■ What you will do: Restate all data exactly. No images.

■ Supplied information:
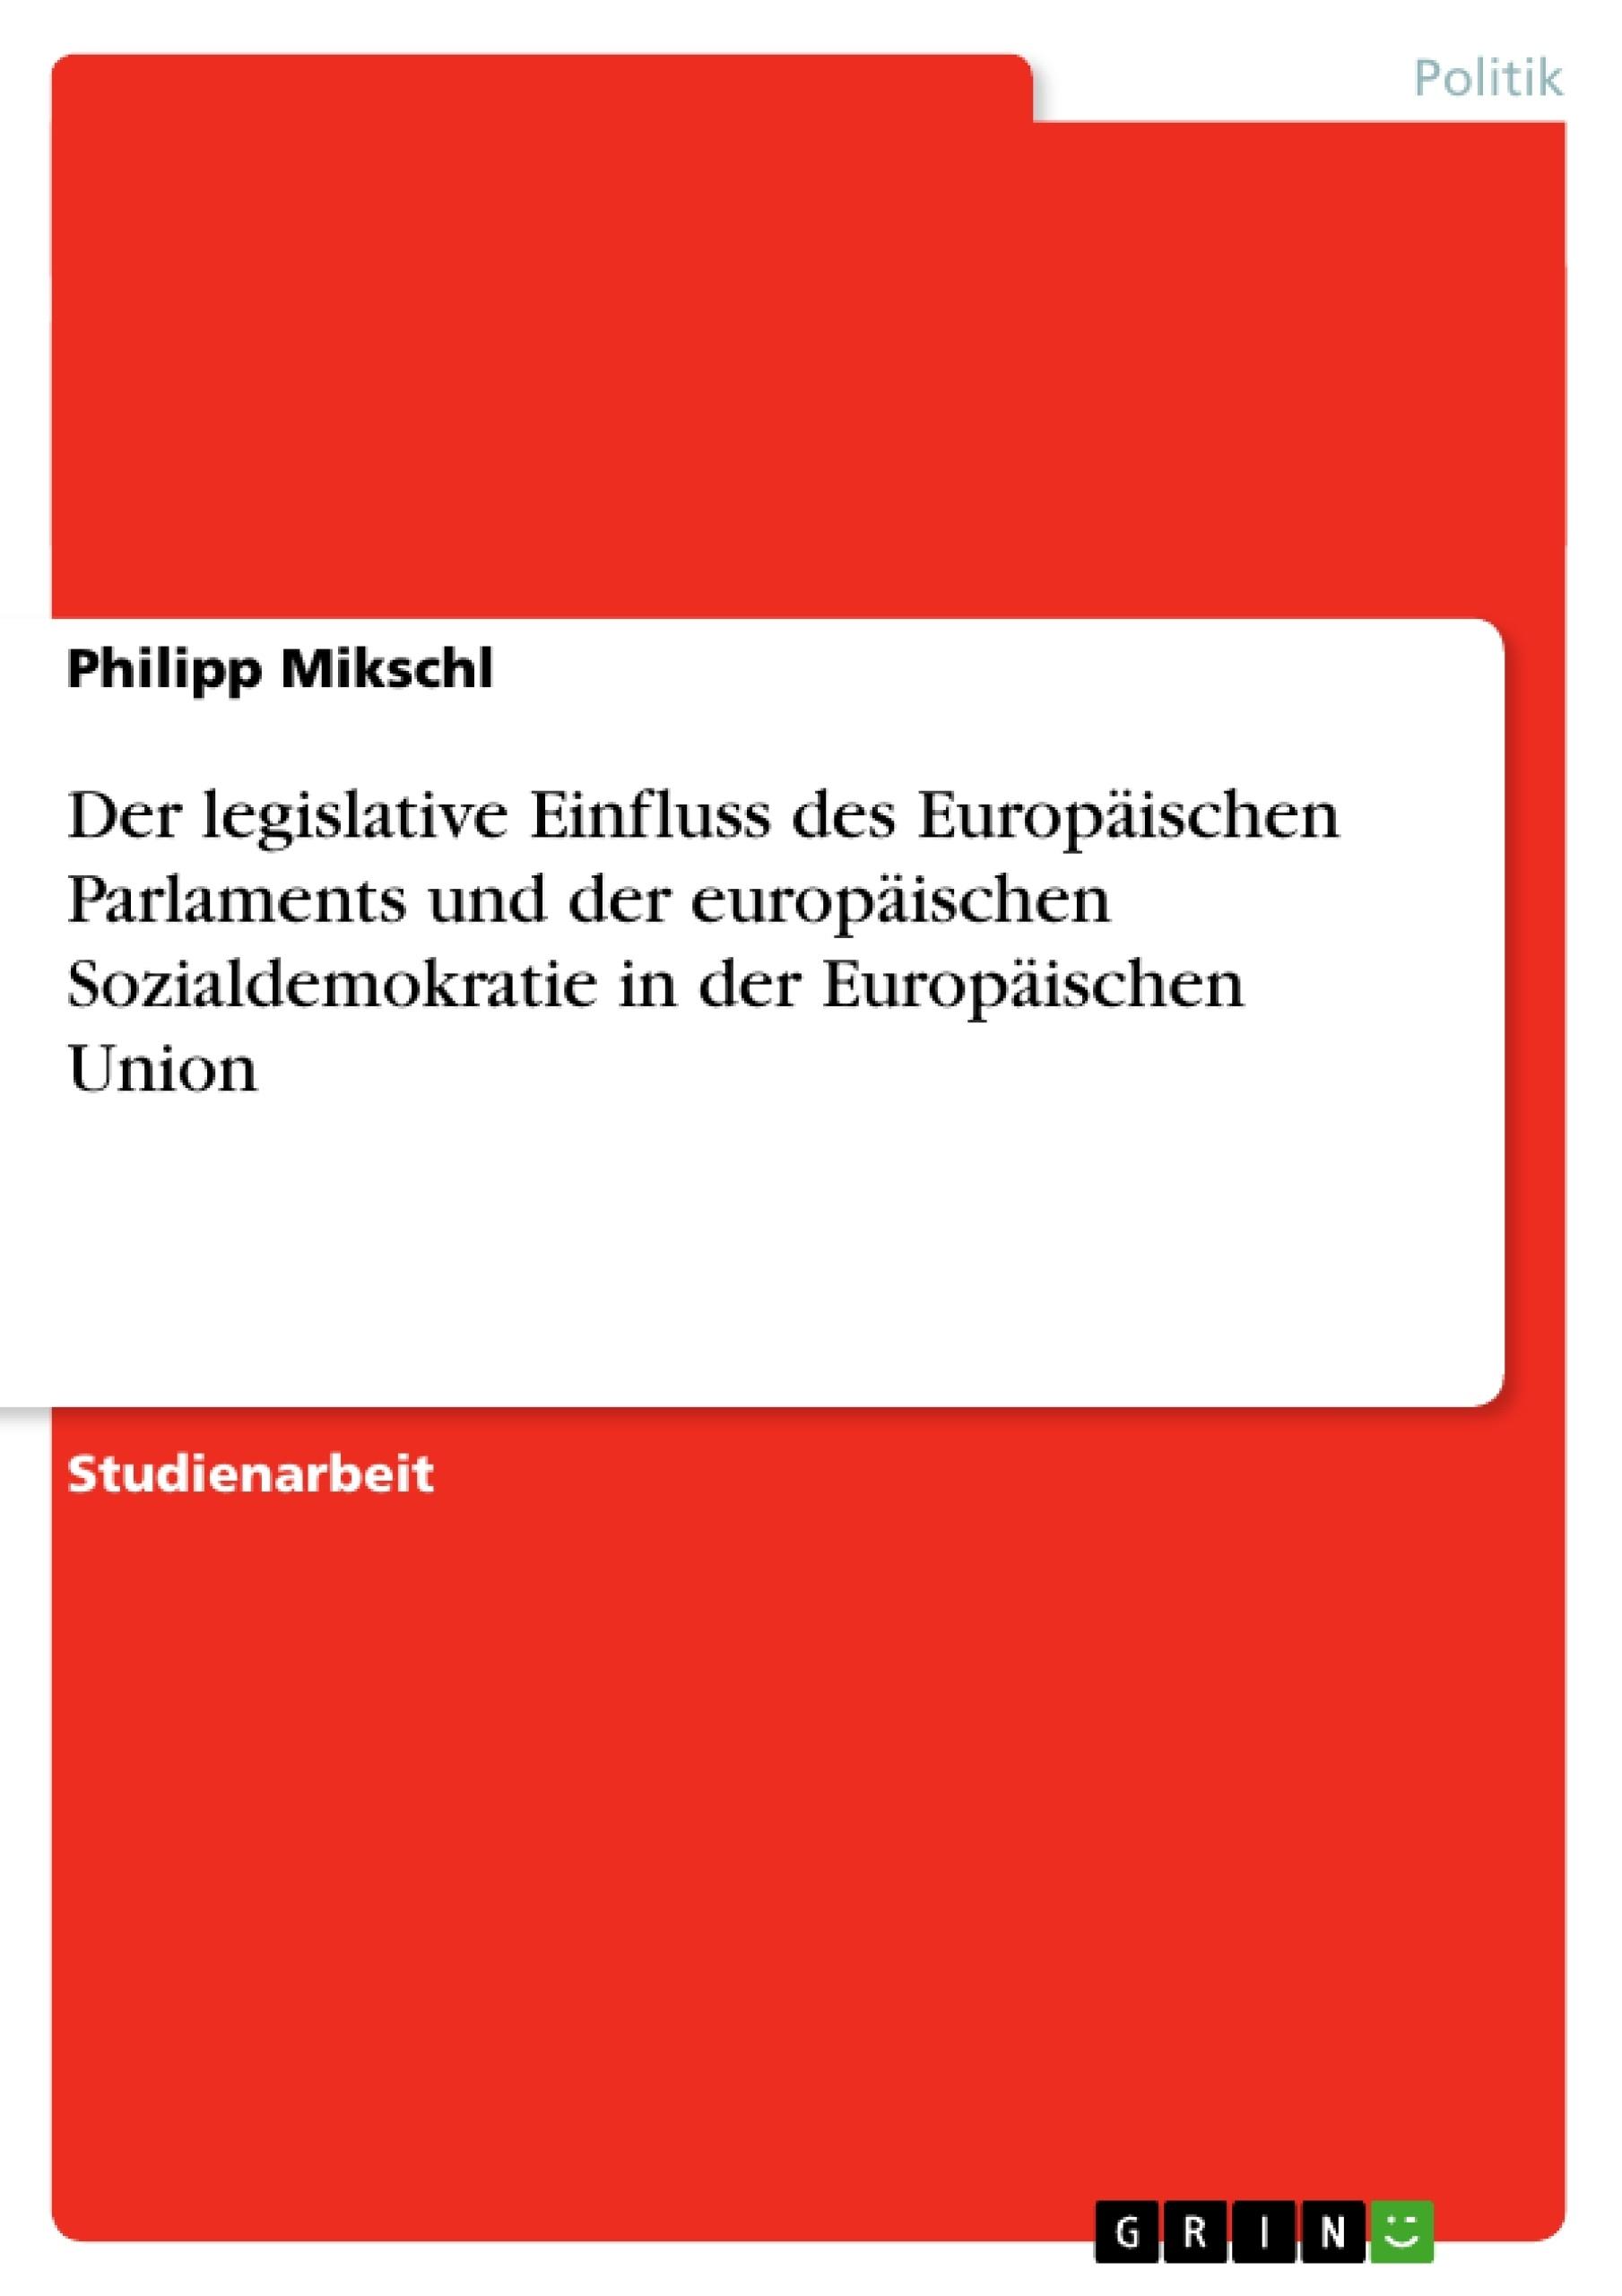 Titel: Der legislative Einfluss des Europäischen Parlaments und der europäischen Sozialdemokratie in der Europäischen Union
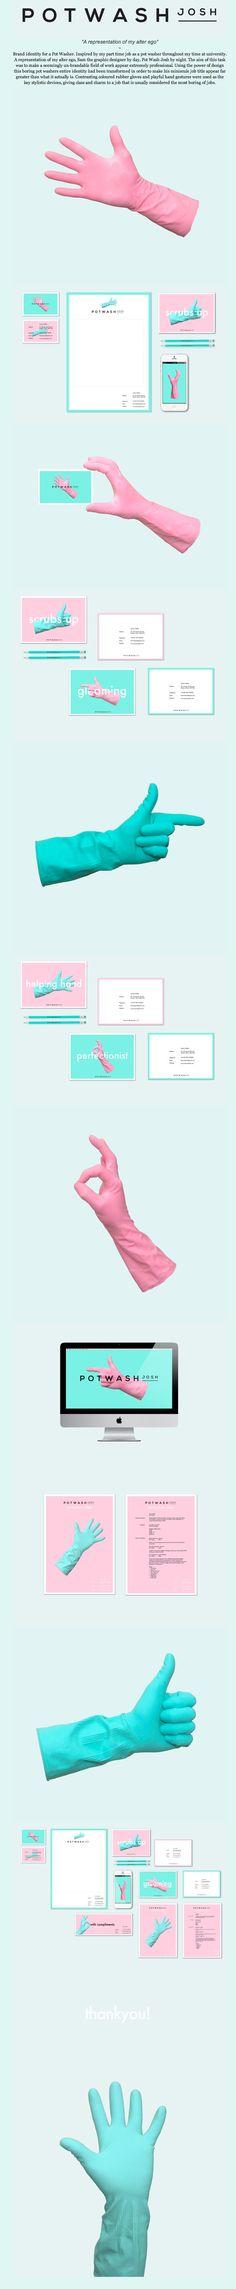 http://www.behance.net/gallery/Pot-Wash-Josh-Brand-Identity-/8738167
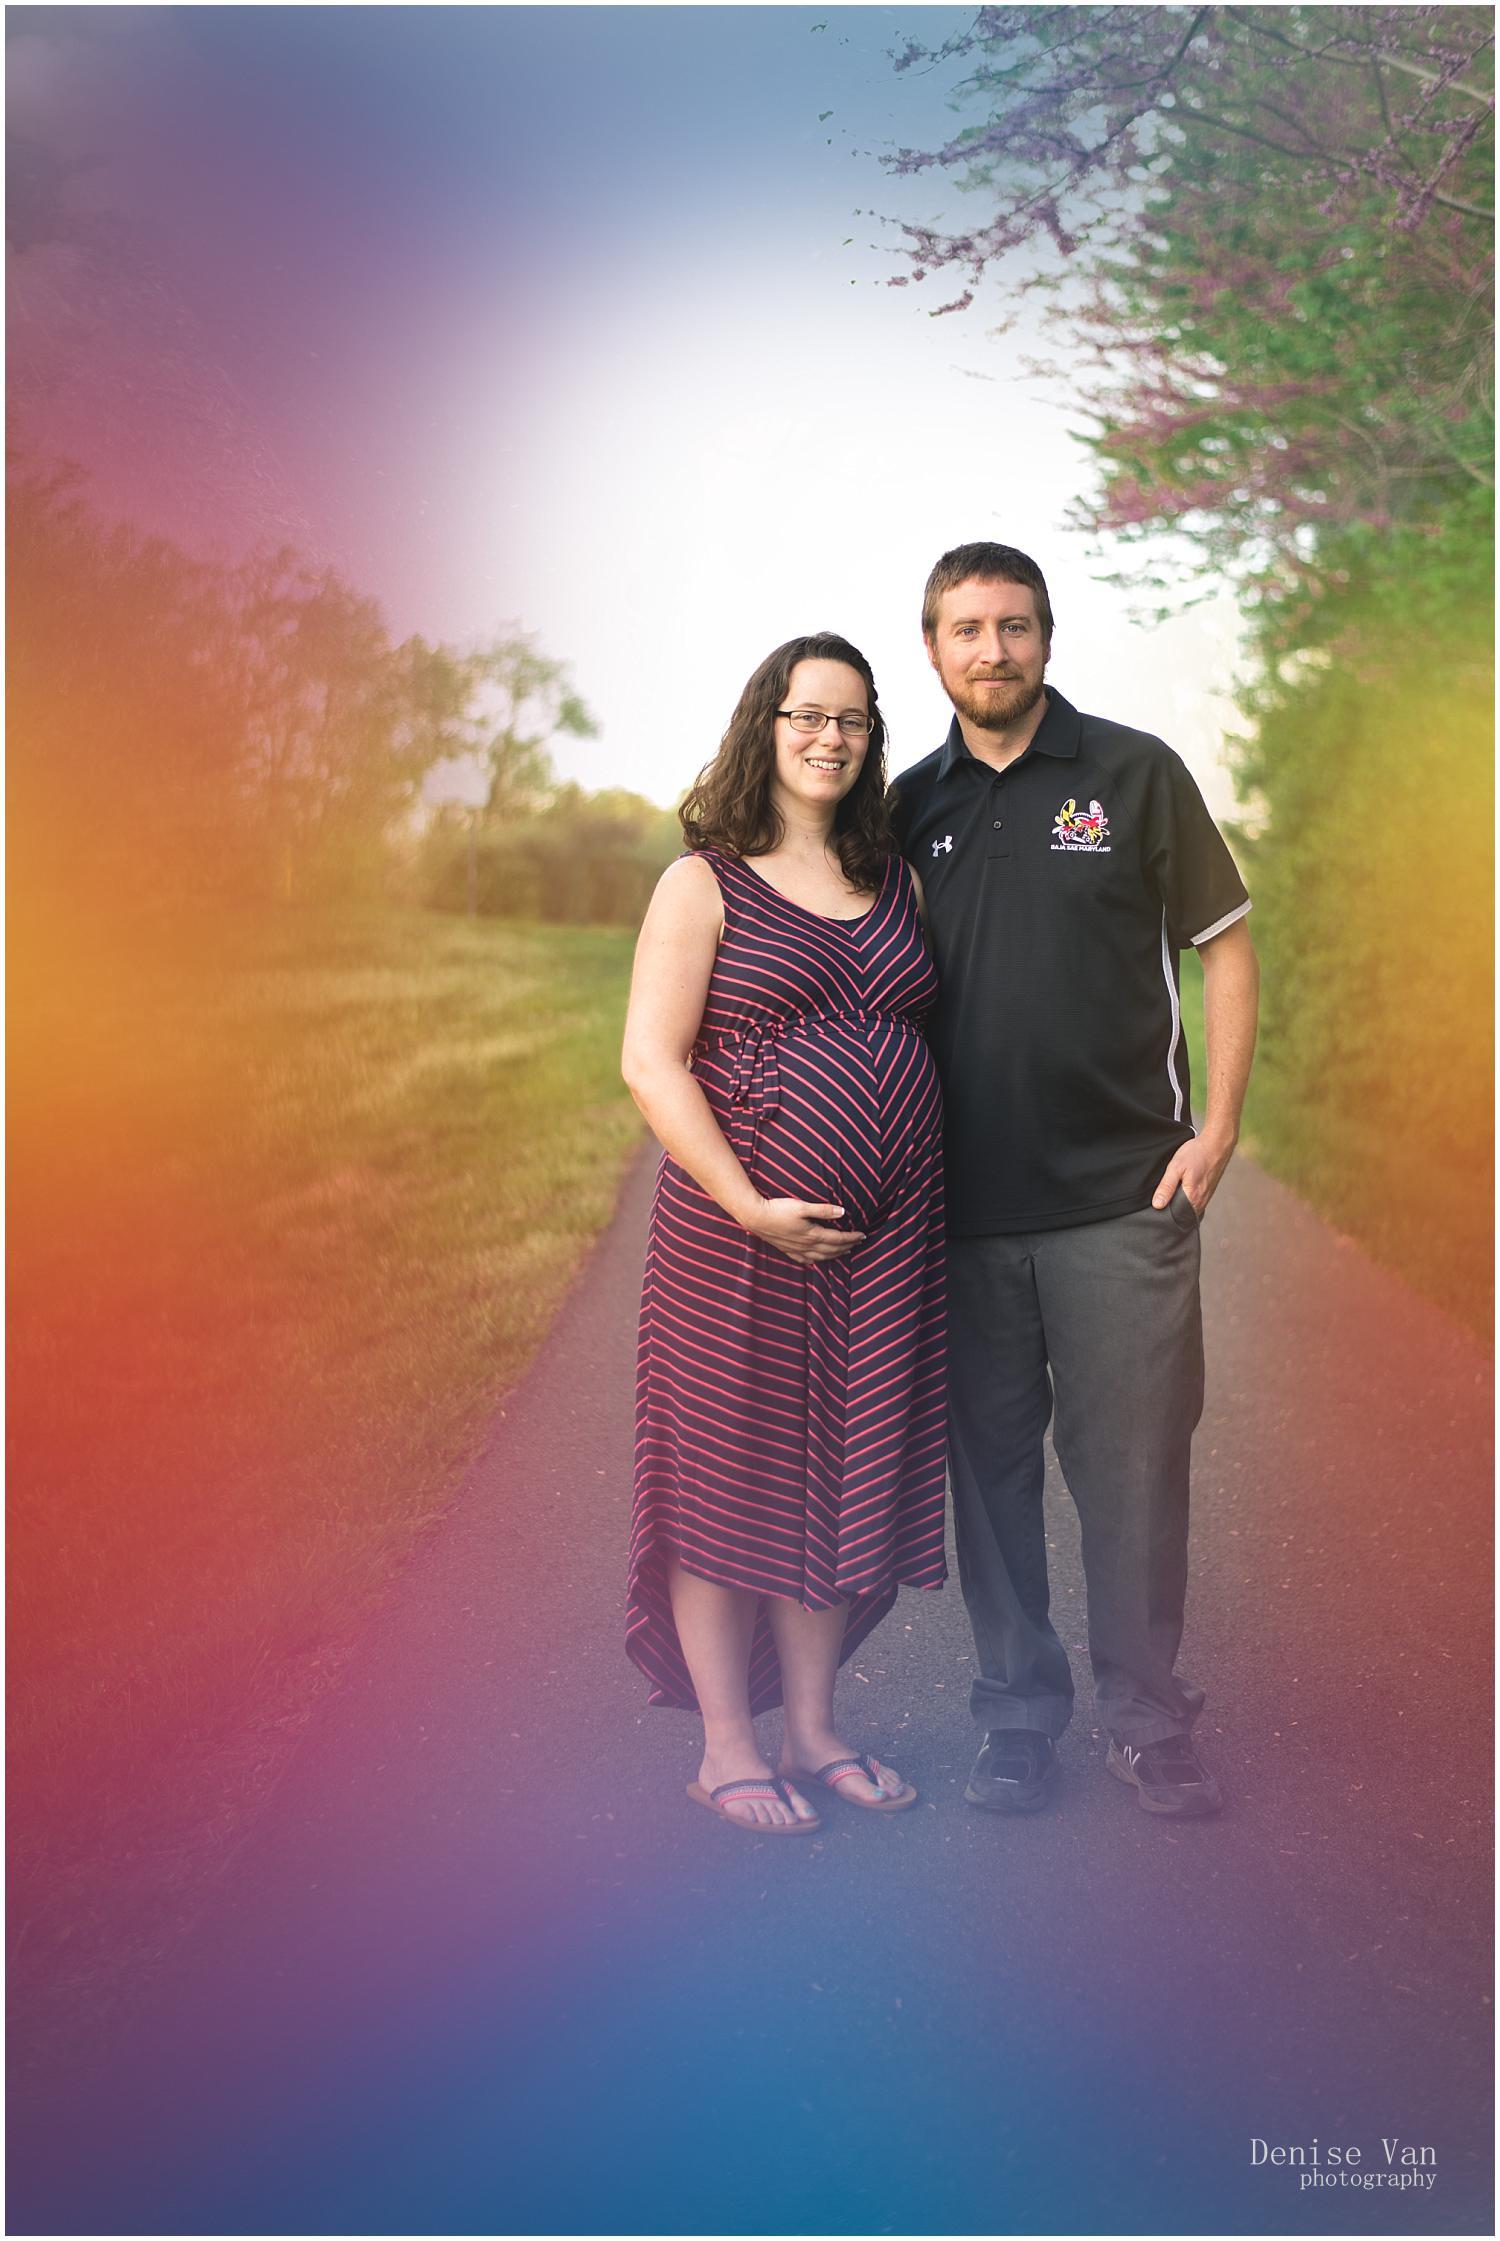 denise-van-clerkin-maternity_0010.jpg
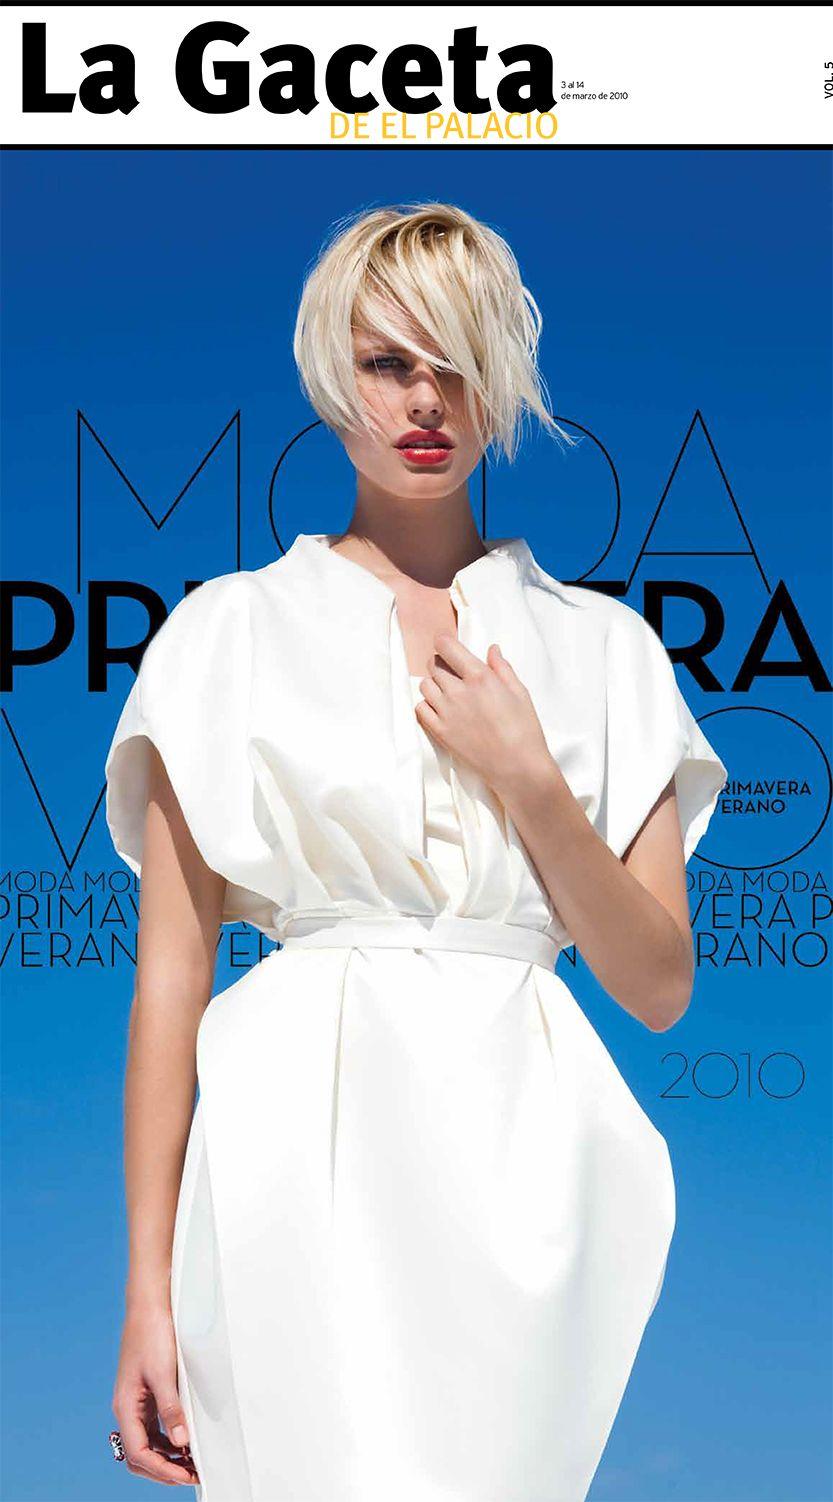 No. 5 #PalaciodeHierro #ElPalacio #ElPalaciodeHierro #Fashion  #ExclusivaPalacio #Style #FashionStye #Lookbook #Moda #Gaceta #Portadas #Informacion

■ Problem solution:
 Titel: Der legislative Einfluss des Europäischen Parlaments und der europäischen Sozialdemokratie in der Europäischen Union
 http://www.behance.net/gallery/Pot-Wash-Josh-Brand-Identity-/8738167
 denise-van-clerkin-maternity_0010.jpg
 No. 5 #PalaciodeHierro #ElPalacio #ElPalaciodeHierro #Fashion  #ExclusivaPalacio #Style #FashionStye #Lookbook #Moda #Gaceta #Portadas #Informacion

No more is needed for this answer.